A public utility company (usually just utility) is an organization that maintains the infrastructure for a public service (often also providing a service using that infrastructure). Public utilities are subject to forms of public control and regulation ranging from local community-based groups to statewide government monopolies.

Public utilities are meant to supply goods and services that are considered essential; water, gas, electricity, telephone, waste disposal, and other communication systems represent much of the public utility market. The transmission lines used in the transportation of electricity, or natural gas pipelines, have natural monopoly characteristics. A monopoly can occur when it finds the best way to minimize its costs through economies of scale to the point where other companies cannot compete with it. If the infrastructure already exists in a given area, minimal benefit is gained through competing. In other words, these industries are characterized by economies of scale in production. Though it can be mentioned that these natural monopolies are handled or watched by a public utilities commission, or an institution that represents the government.
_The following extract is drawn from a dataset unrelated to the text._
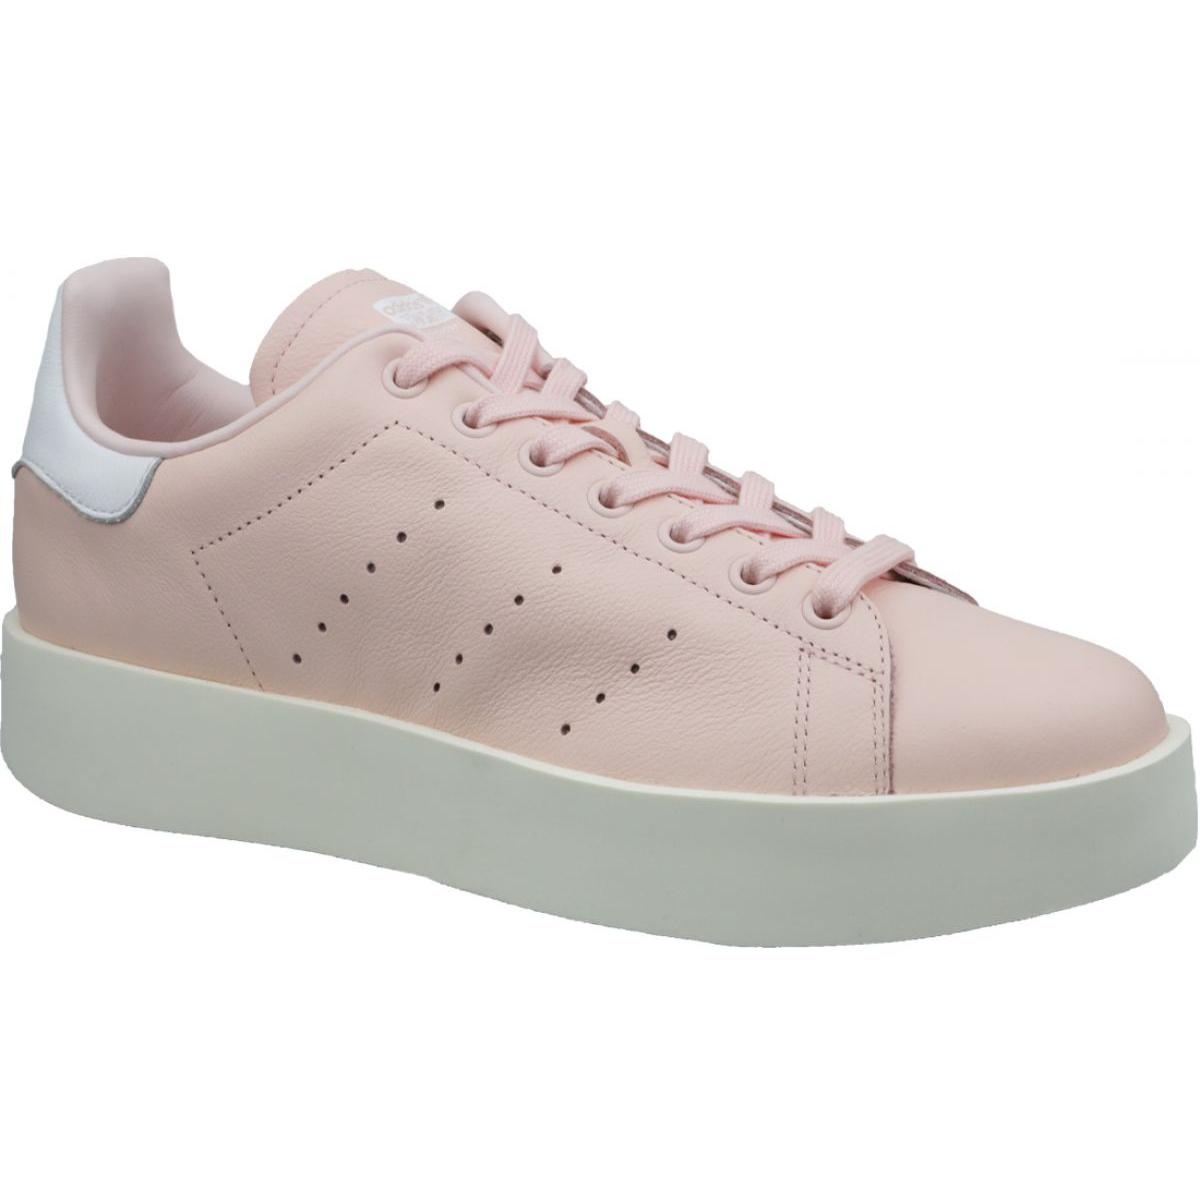 Stan Smith M By2970 Adidas Bold Schuhe Braun QxsthrodCB

There are many different types of public utilities. Some, especially large companies, offer multiple products, such as electricity and natural gas. Other companies specialize in a specific product, such as water. Modern public utilities may also be partially (or completely) sourced from clean and renewable energy in order to produce sustainable electricity. Of these, wind turbines and solar panels are those used most frequently.

Whether broadband internet access should be a public utility is a question that was being discussed with the rise of internet usage. This is a question that was being asked due to the telephone service being considered a public utility. Since arguably broadband internet access has taken over telephone service, perhaps it should be a public utility. The Federal Communications Commission (FCC) in the United States in 2015 made its stance on this issue clear. Due to the telephone service having been considered a public utility, the FCC made broadband internet access a public utility in the United States.

==Management==
The utility model has historically been considered most applicable in the case of natural monopoly. Such monopolies are defined by high barriers to entry or large network effects making it more cost-efficient to do business through a single firm or small number of firms. Utilities are usually capital-intensive businesses with unusually large economies of scale and high fixed costs associated with building and operating the infrastructure, e.g. power plants, telephone lines and water treatment facilities. However, such contexts can be fluid, particularly in the face of technological or regulatory innovation. Regulators can choose to ensure some level of competition in an effort to improve service, as has been witnessed with electricity retailing and customer choice. Also, over time some aspects of a traditional utilities' monopoly position can erode. For instance, in the OECD, wholesale electricity generation markets have become far more decentralised with the advent of solar power and wind power. Nevertheless, infrastructure used to distribute utility products and services and other aspects of public service often remain more centralised. For example, ensuring the safety and stability of electric transmission networks and electricity provision still often requires heavy government involvement . Similar hybrid approaches to regulating utlities have been made in some countries for telecommunications, and some types of public transit. For example, the United Kingdom disaggregated British Rail into a government utility governing the rails itself (Network Rail), and separate private (or even foreign public) providers of train service. As of 2026, the UK government is discussing reversing this partial privatisation. Even postal services have been mooted as potentially privatisable, though this is again heavily contested. Conservative political parties often promise liberalization, deregulation and privatization of public utilities. Certain sectors such as gas and oil are often nationalised e.g. by countries in OPEC, because profits from these are also seen to be a form of public good, though profits themselves are neither service nor infrastructure.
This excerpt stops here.